If there is another characteristic of Pascal that seems to be unanimous, it is his perfectionism. “He was a great worker. He could start over different tracks several times, and worked until he was really satisfied,” recalled Mr. Garneau. “Then he had a very personal graphic approach, with a line very close to the sketch. He tried to be as natural as possible while drawing, but all that with a lot of work. »

“If you look at one of his drawings from afar, you immediately know it was made by Pascal,” Aislin observed. “And there, what is sad is that we will no longer see Pascal’s drawings”, lamented, moved, Serge Chapleau.

Despite his “ruthless” disease, which he fought “with courage and determination”, Pascal worked tirelessly on his caricatures, which ended up being polished into little “jewels”, said Brian Myles. “He was a bit tortured, it must be said.
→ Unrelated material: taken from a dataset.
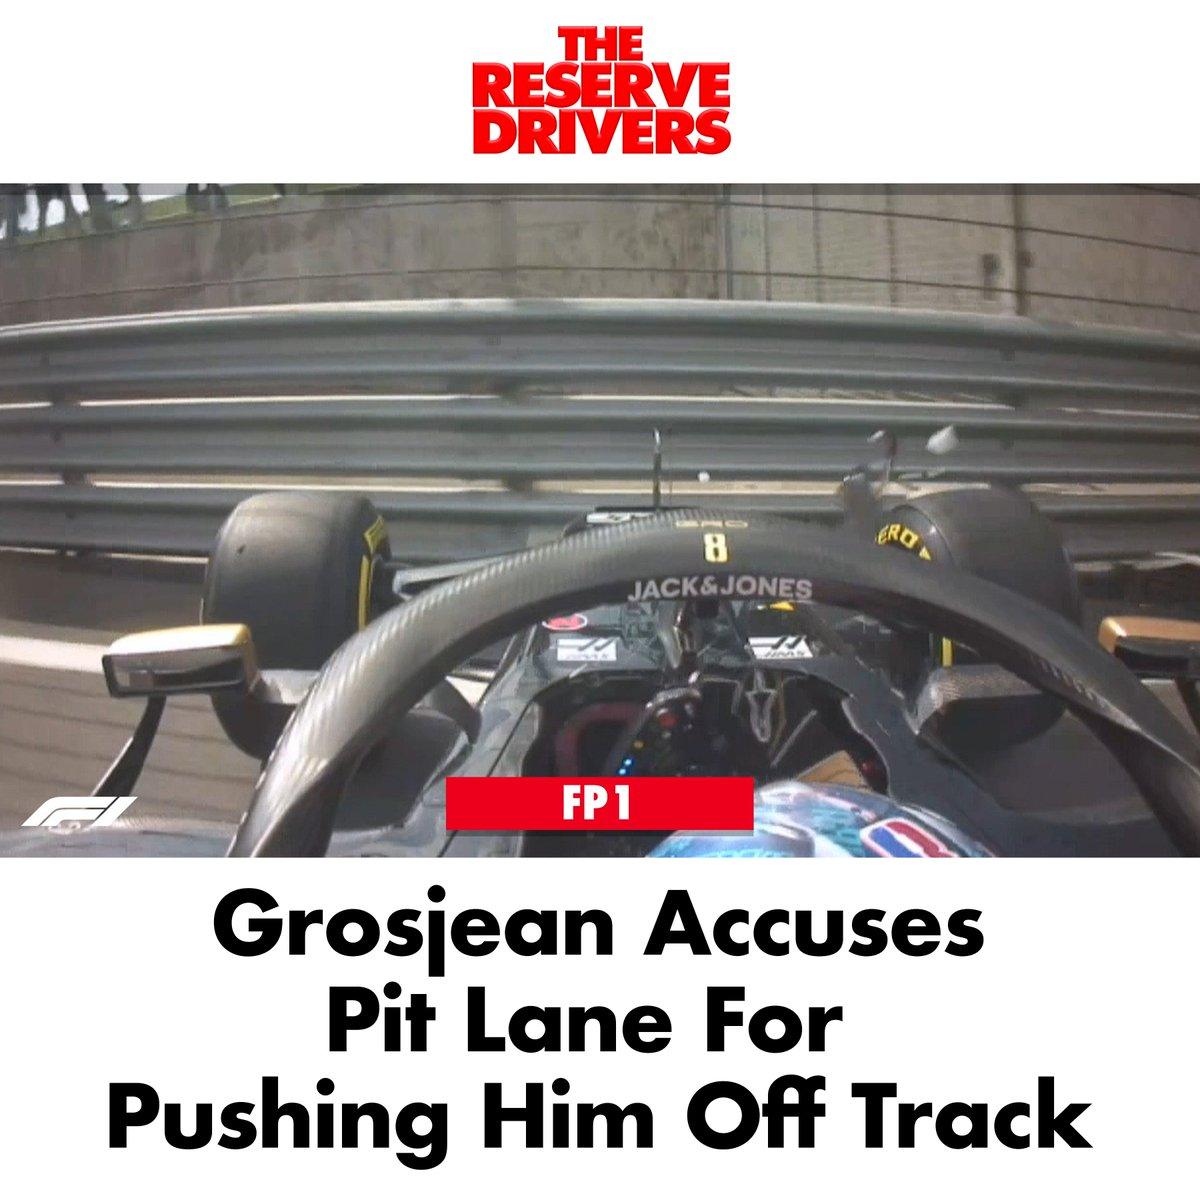 #BREAKING More complaints on the Haas Team Radio... #BritishGP #FP1

Sometimes he came up with a good idea in the morning at 9 a.m., then spent the rest of the day complicating it. »

“When his illness got worse, his life became very calculated,” said Aislin, who says Pascal had to take medication at specific times to regulate the effects of his illness and be able to work. But Pascal did “not want to be seen as a sick person,” added Garnotte.

“I take my hat off to him, and he’s sure to leave a big void in the To have to “, greeted his predecessor.

Pascal Élie leaves in deep mourning his “accomplices” of the caricature, his colleagues from the newspaper, his spouse and his two children.